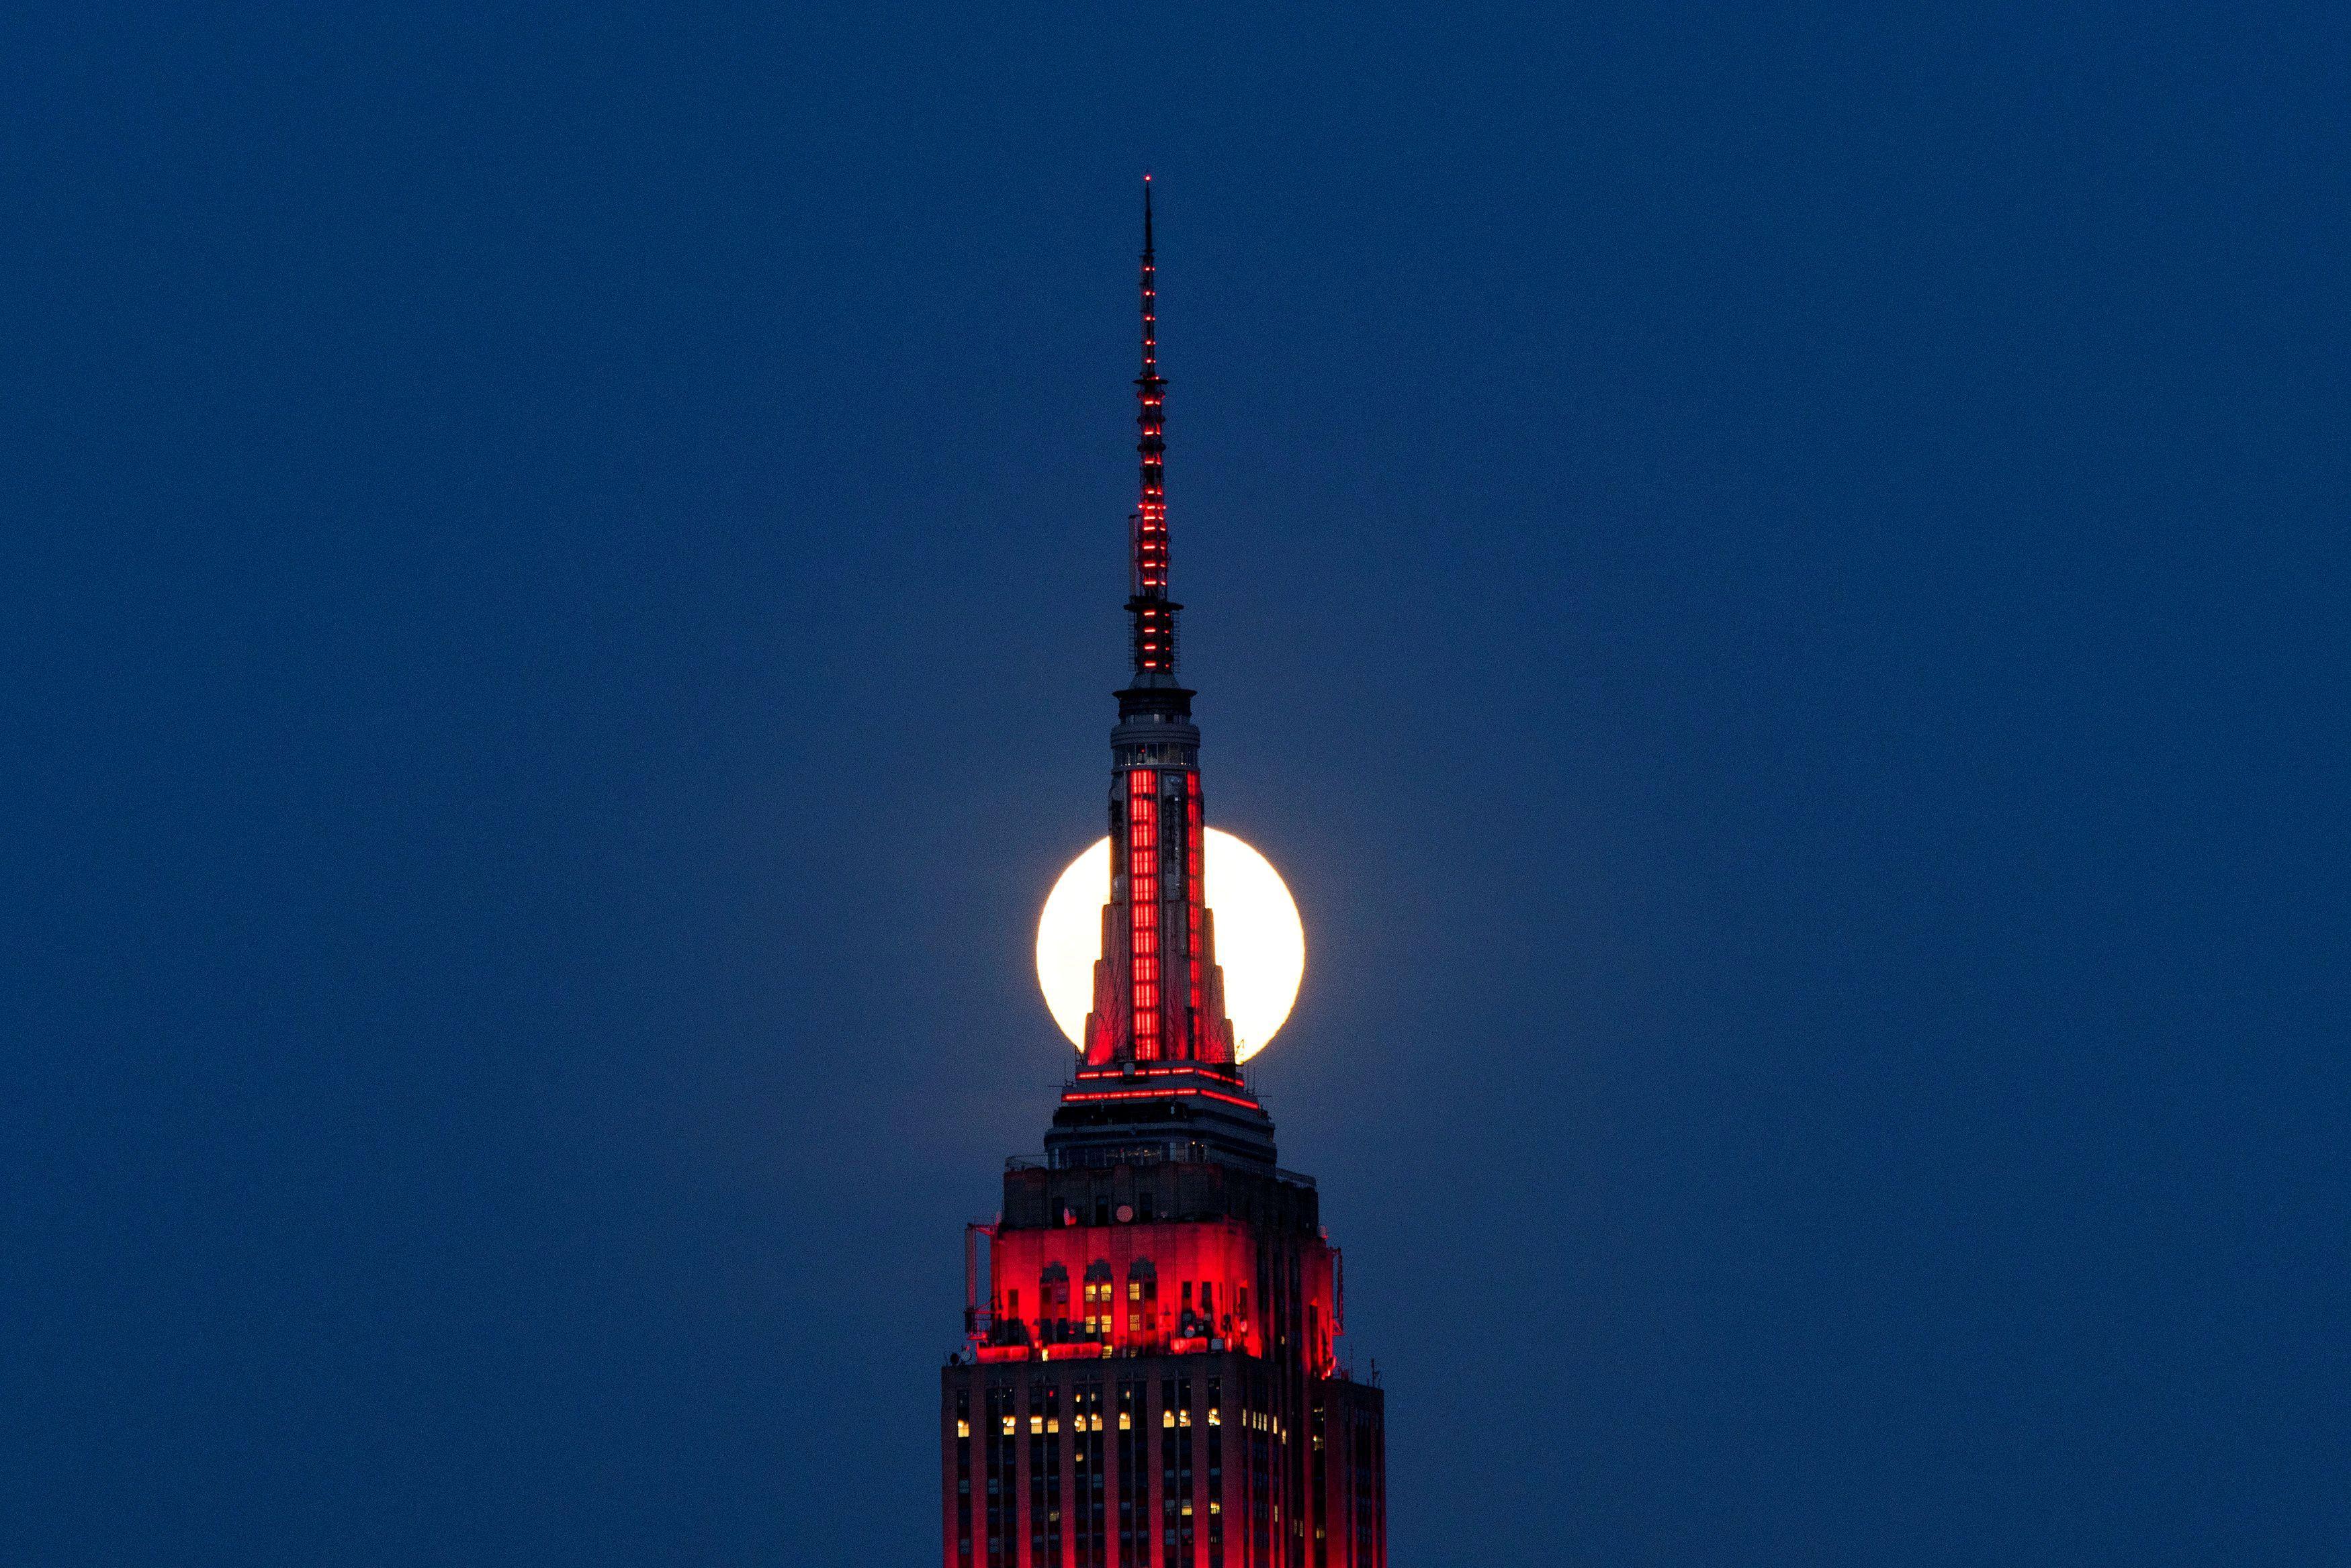 La Superluna se eleva detrás del Empire State Building mientras se ilumina en rojo en solidaridad con las personas infectadas con el coronavirus vista desde Hoboken, Nueva Jersey (REUTERS / Eduardo Munoz)
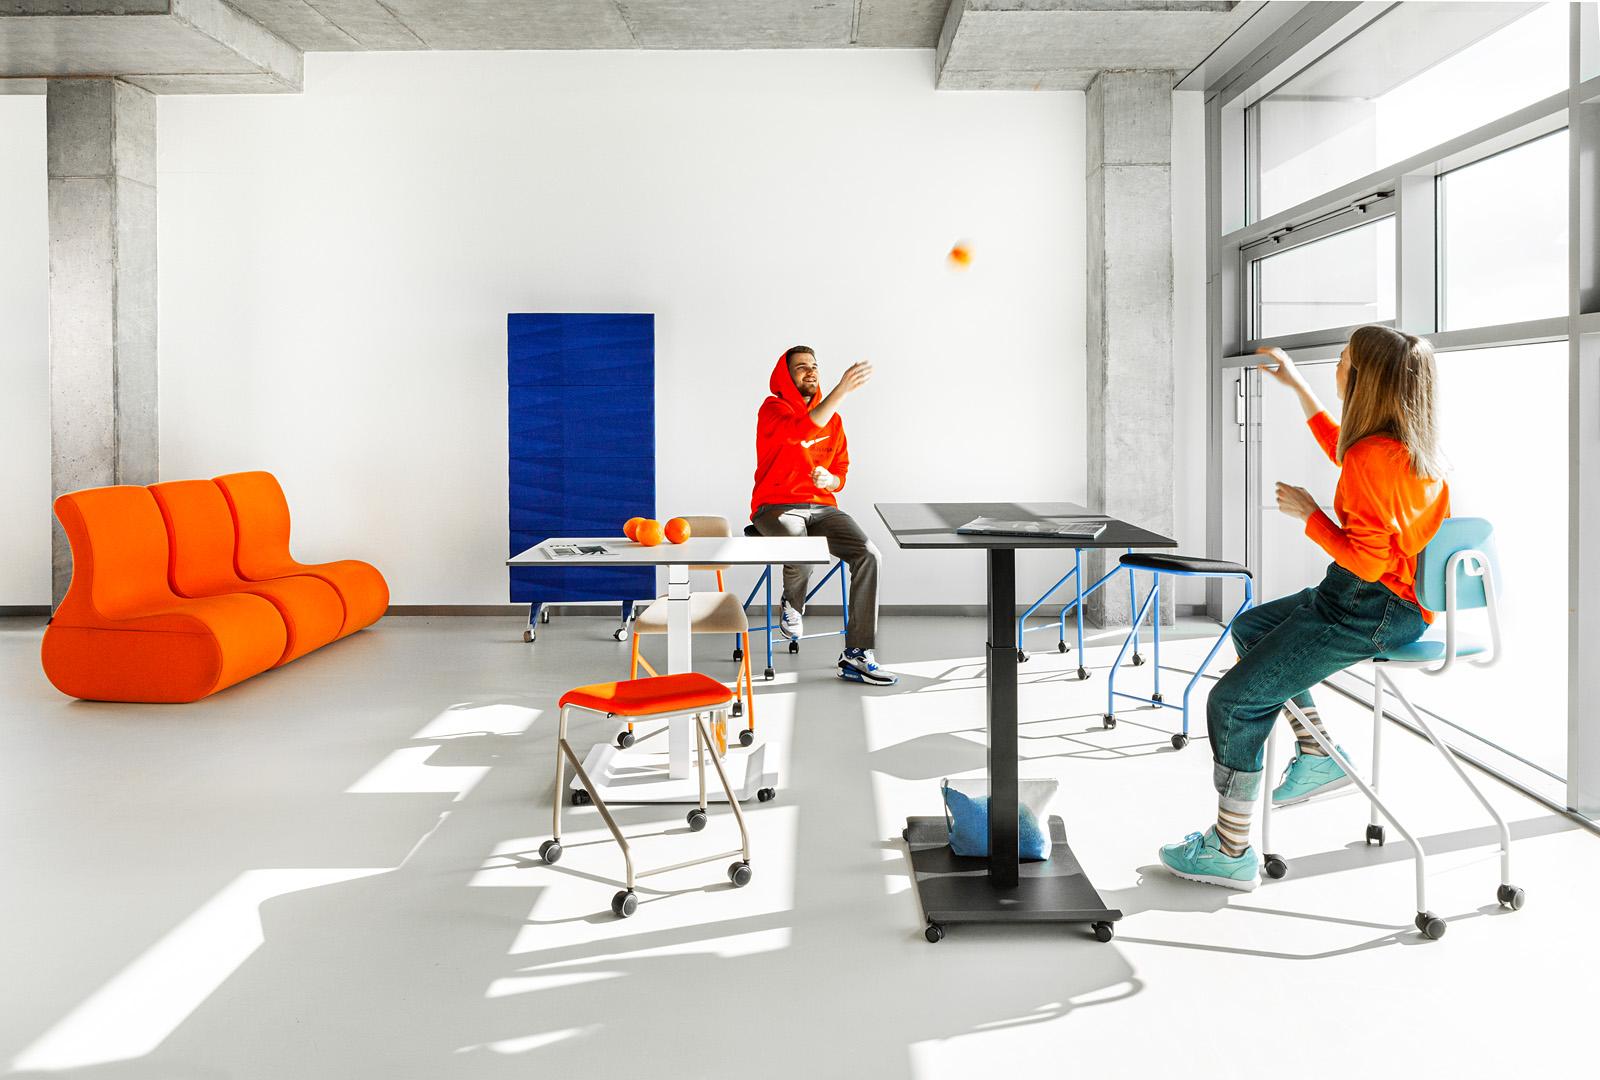 VANK przedstawia mobilne meble do szybkich spotkań
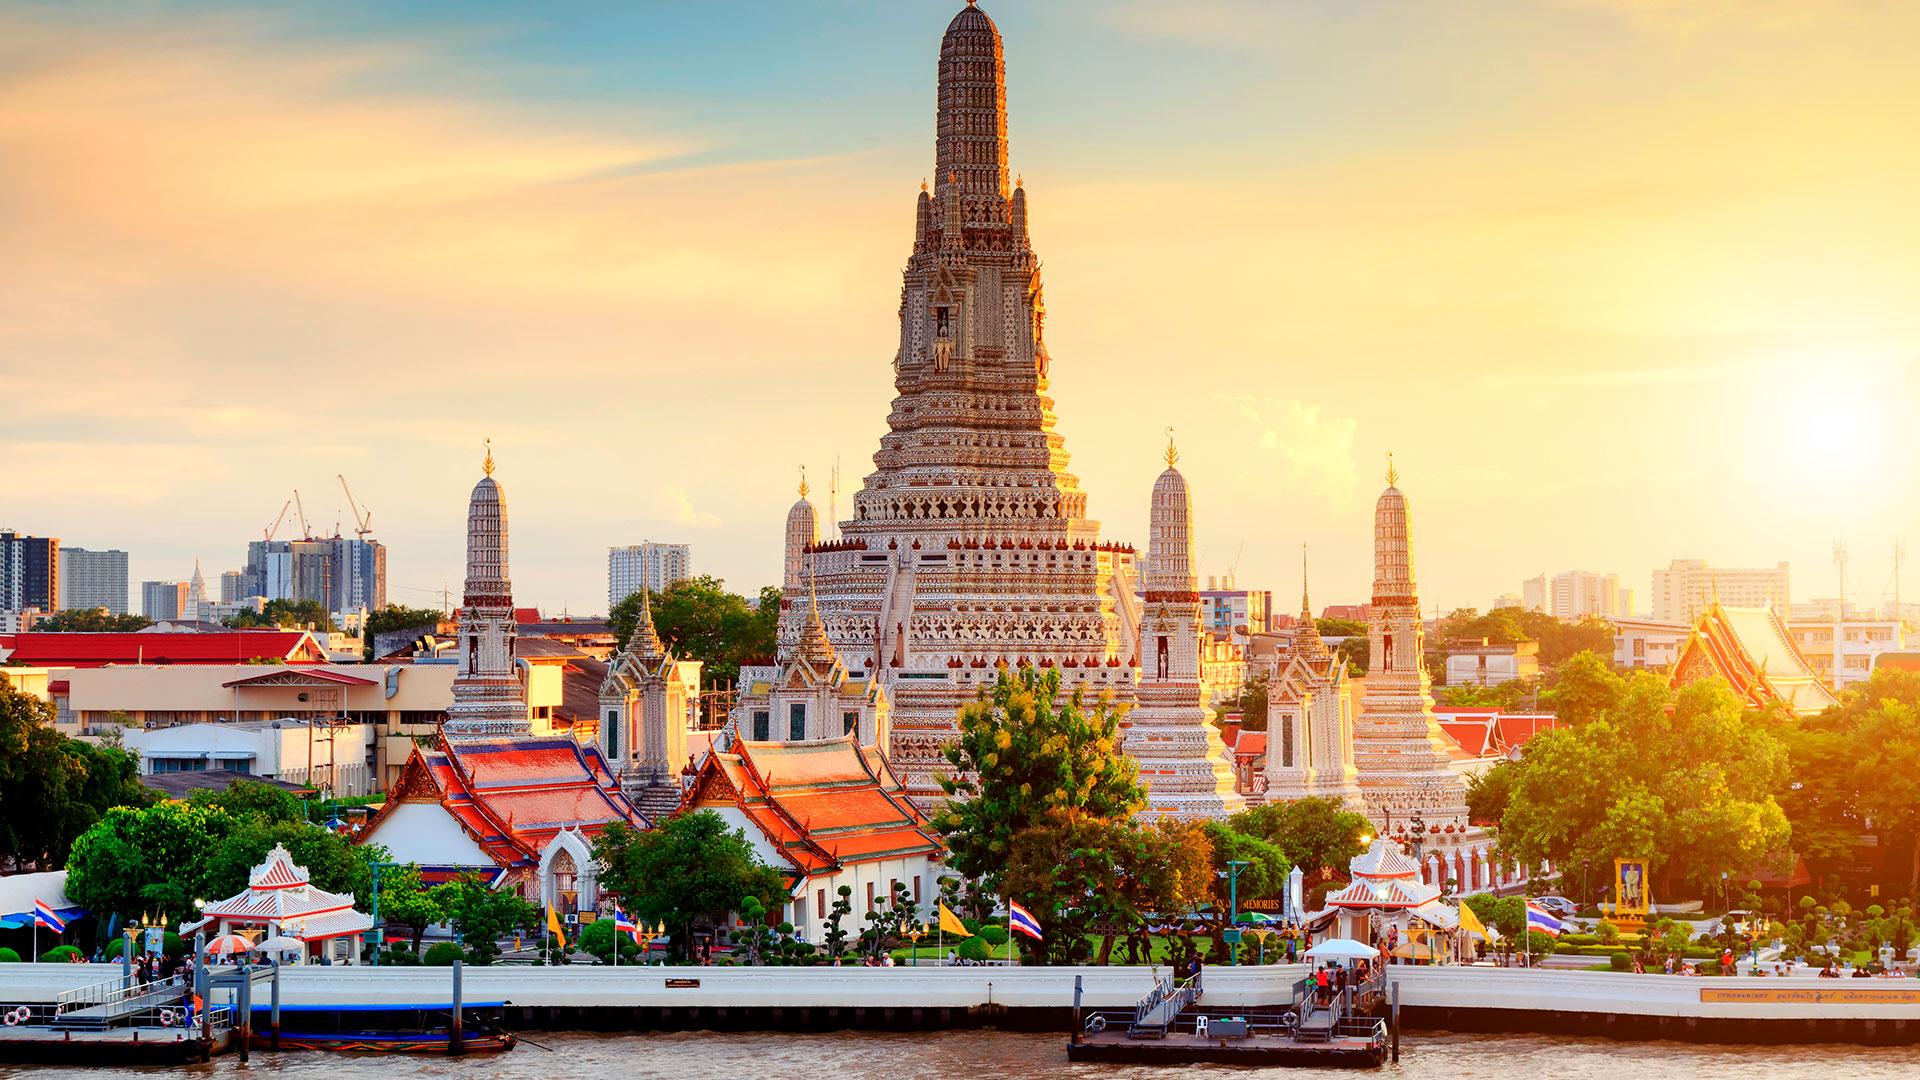 Comida de clase mundial, impresionantes monumentos históricos y la mejor hospitalidad del mundo. ¿Pero qué más hace queBangkok sea tan única? (Shutterstock)

*About this exercise*. Where pictures sit among the data above, omit them, and output the rest exactly.

*Task solution*.
 La Superluna se eleva detrás del Empire State Building mientras se ilumina en rojo en solidaridad con las personas infectadas con el coronavirus vista desde Hoboken, Nueva Jersey (REUTERS / Eduardo Munoz)
 VANK przedstawia mobilne meble do szybkich spotkań
 Comida de clase mundial, impresionantes monumentos históricos y la mejor hospitalidad del mundo. ¿Pero qué más hace queBangkok sea tan única? (Shutterstock)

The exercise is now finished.